Marco Iuliano (1996) ha conseguito il Diploma di maturità classica presso il Liceo Classico "P. Galluppi" di Catanzaro. Attualmente è studente laureando del Corso di Laurea in Filosofia presso l'Università di Catania.

È la Paidéia, insegnano i Greci, a definire il tipo di uomo che emergerà. Non la Paidéia in quanto esercizio di sudditanza e obbedienza come potrebbe facilmente avvenire in una società aristocratica, oligarchica, classista, ma come diaframma dell’individualità. Pasolini nelle Lettere luterane mette in scena la paidéia rivolgendosi a un immaginario ragazzino napoletano («il fatto che tu sia napoletano esclude che tu, pur essendo borghese, non possa essere anche interiormente carino», in quanto «Napoli è ancora l’ultima metropoli plebea»). Di notevole spessore è la dichiarazione d’intenti delle sue lezioni pedagogiche che toccano il lirismo:

negli insegnamenti che ti impartirò, non c’è il minimo dubbio, io ti sospingerò a tutte le sconsacrazioni possibili, alla mancanza di ogni rispetto per ogni sentimento istituito. Tuttavia il fondo del mio insegnamento consisterà nel convincerti a non temere la sacralità e i sentimenti, di cui il laicismo consumistico ha privato gli uomini trasformandoli in brutti e stupidi automi adoratori di feticci (Pasolini, Lettere luterane, 2009, p. 29).

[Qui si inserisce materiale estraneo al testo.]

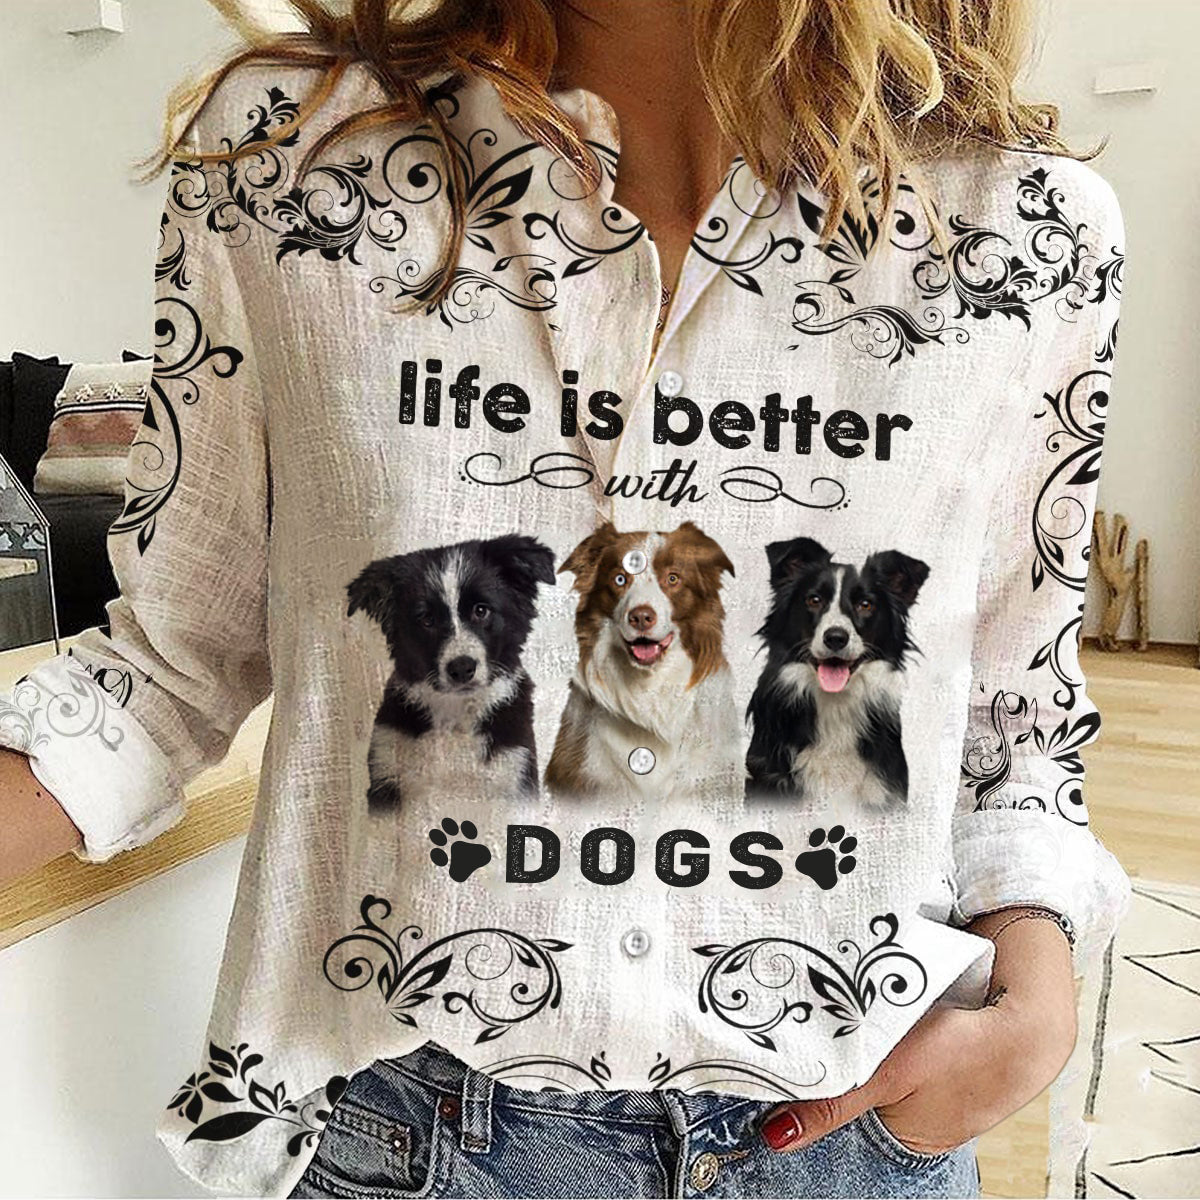 Border Collie-Life Is Better With Dogs Women's Long-Sleeve Shirt

L’intellettuale friulano ha voluto appositamente salvaguardare due aspetti emarginati ed estremizzati nelle nostre società: la sacralità e i sentimenti. Le sue parole sono gravide di un iter culturale che sintetizza Nietzsche, Marx e la Scuola di Francoforte, in particolare le analisi di Herbert Marcuse. Perché proprio questi due aspetti? Da una parte il sacro, la metafisica, l’apertura dell’organo visivo che getta e riceve la luce dagli enti circostanti. Si pensi alla lezione ontologica di Pasolini a partire dalla ‘semiotica degli oggetti’ presenti nella sua abitazione natale che gli impartirono appunto un tipo di socializzazione ‘ontica’. Se c’è qualcosa, infatti, di enormemente notevole nel suo occhio sociologico e semiologico è senza dubbio la capacità di notare il cosiddetto linguaggio delle cose, il linguaggio degli enti che parlano anche se sono privi di parola e portano con sé la pesantezza di un carico ideologico e storico positivo e negativo, di dominio o di sudditanza. In ogni caso e sempre di Differenza.

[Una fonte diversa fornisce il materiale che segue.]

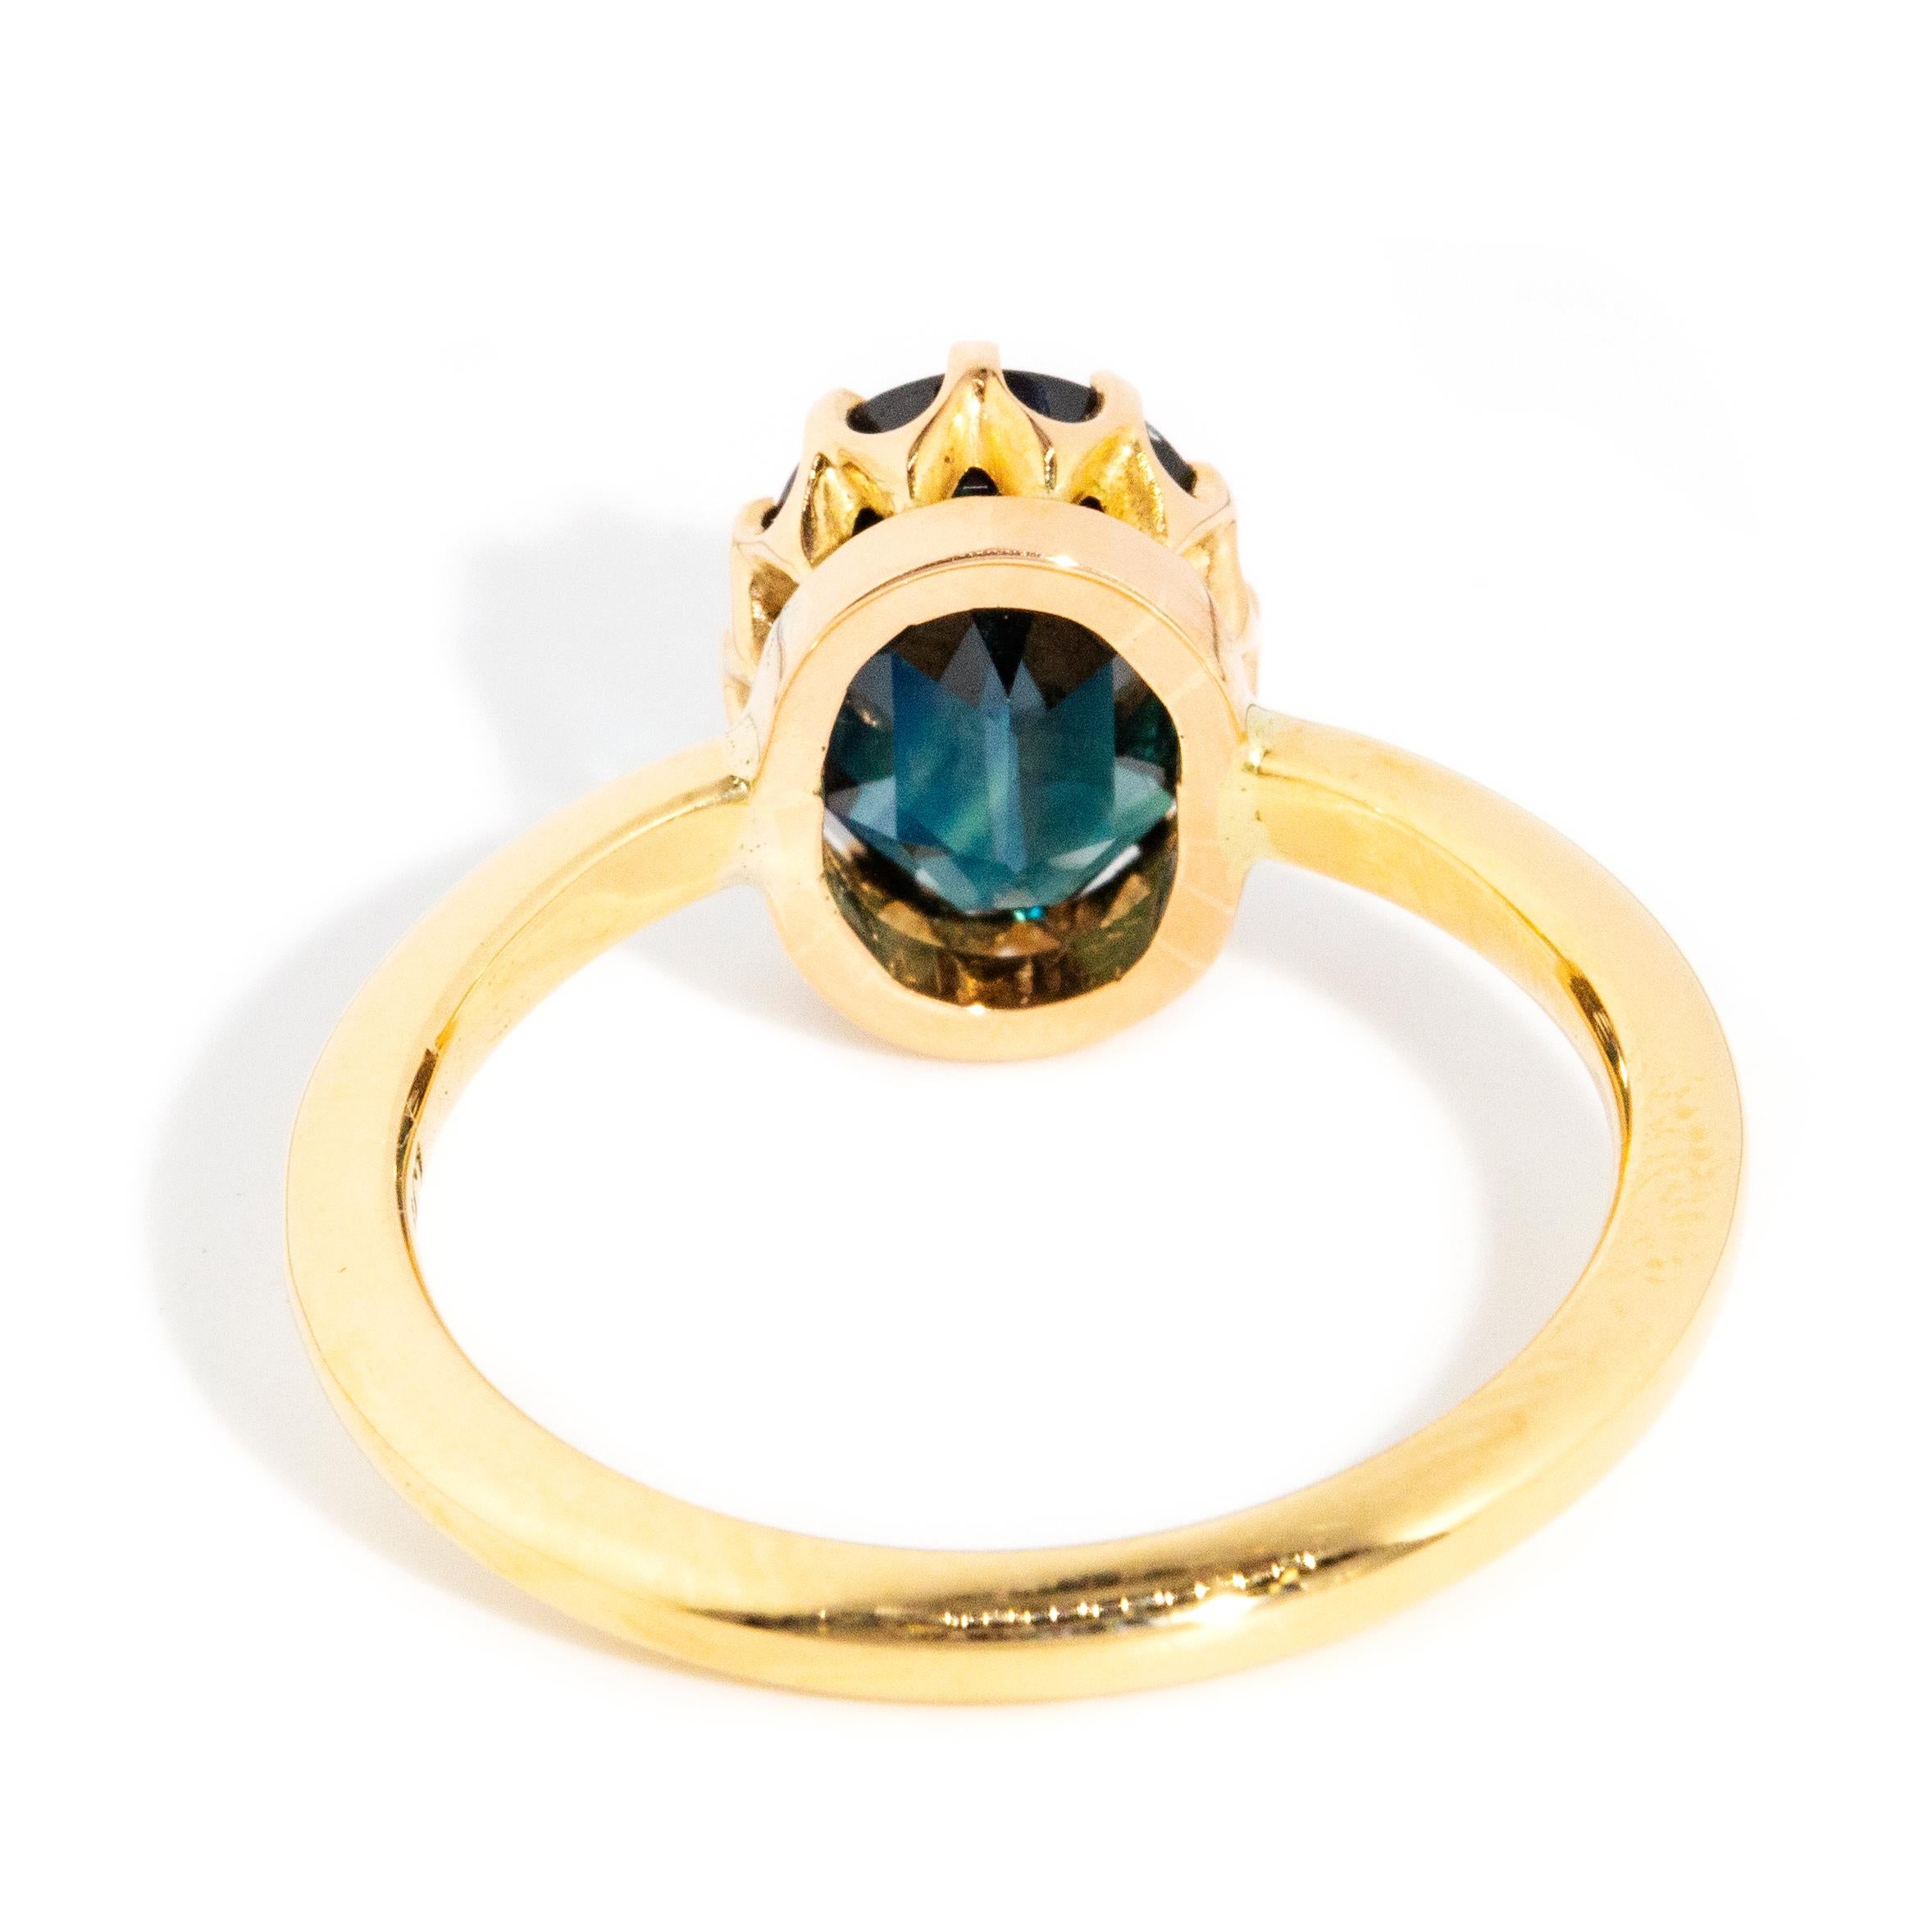 Reinvented Vintage 1930s 3.12 Carat Oval Teal Sapphire Ring 18 Carat Yellow Gold For Sale 1

Riuscire a notare questa rimbaudiana nuance è l’azione scientifica, vivere con una costante attenzione ai dettagli, alle sfumature appunto. Il sacro nonostante i processi di secolarizzazione, nonostante l’avvento dei monoteismi e del consumismo che rendono inutili ogni credo, emerge con forza dall’individuo anche nell’età contemporanea. Ma la paidéia può essere sia una forma di schiavitù che di libertà. Schiavitù se è inaccessibile, elitaria. Libertà se il filtro che pone dinnanzi agli occhi non è totalitario e consente di rapportarsi con stupore al mondo, di educare alle emozioni prima che siano i media e i Poteri a farlo. Corpi che educano corpi e non strumenti che educano menti.

Nietzsche getta le basi per i filosofi dell’avvenire, ovvero coloro che avranno il coraggio di ragionare fenomenologicamente e ontologicamente e al contempo di generare nuovi idoli, nuove culture. Non più idoli che vincolino la vita ma che la rendano piena di significato, conscio che per l’agire umano sia necessario un valore che traduca la nostra animalità. Per Pasolini la sacralità dell’esistenza non è determinata dalla tanto da lui ricercata religiosità contadina quanto piuttosto dalla Differenza culturale che rende unica ogni esperienza vissuta. Infatti per lo scrittore:

la parola «cultura» non indica soltanto la cultura specifica, d’élite, di classe: indica anche, e prima di tutto (secondo l’uso scientifico che ne fanno gli etnologi, gli antropologi, i migliori sociologi) il sapere e il modo di essere di un paese nel suo insieme, ossia la qualità storica di un popolo con l’infinita serie di norme, spesso non scritte, e spesso addirittura inconsapevoli, che determinano la sua visione della realtà e regolano il suo comportamento.

Appare ora più chiara la contestazione verso la nuova giovane Italia che trova a suo parere una piccola e debole ‘isola felice’ negli operai e intellettuali impegnati a sostenere il valore e l’ideale comunista contro un nichilismo passivo che cade nel consumo di droghe e, in generale, in uno spietato edonismo borghese.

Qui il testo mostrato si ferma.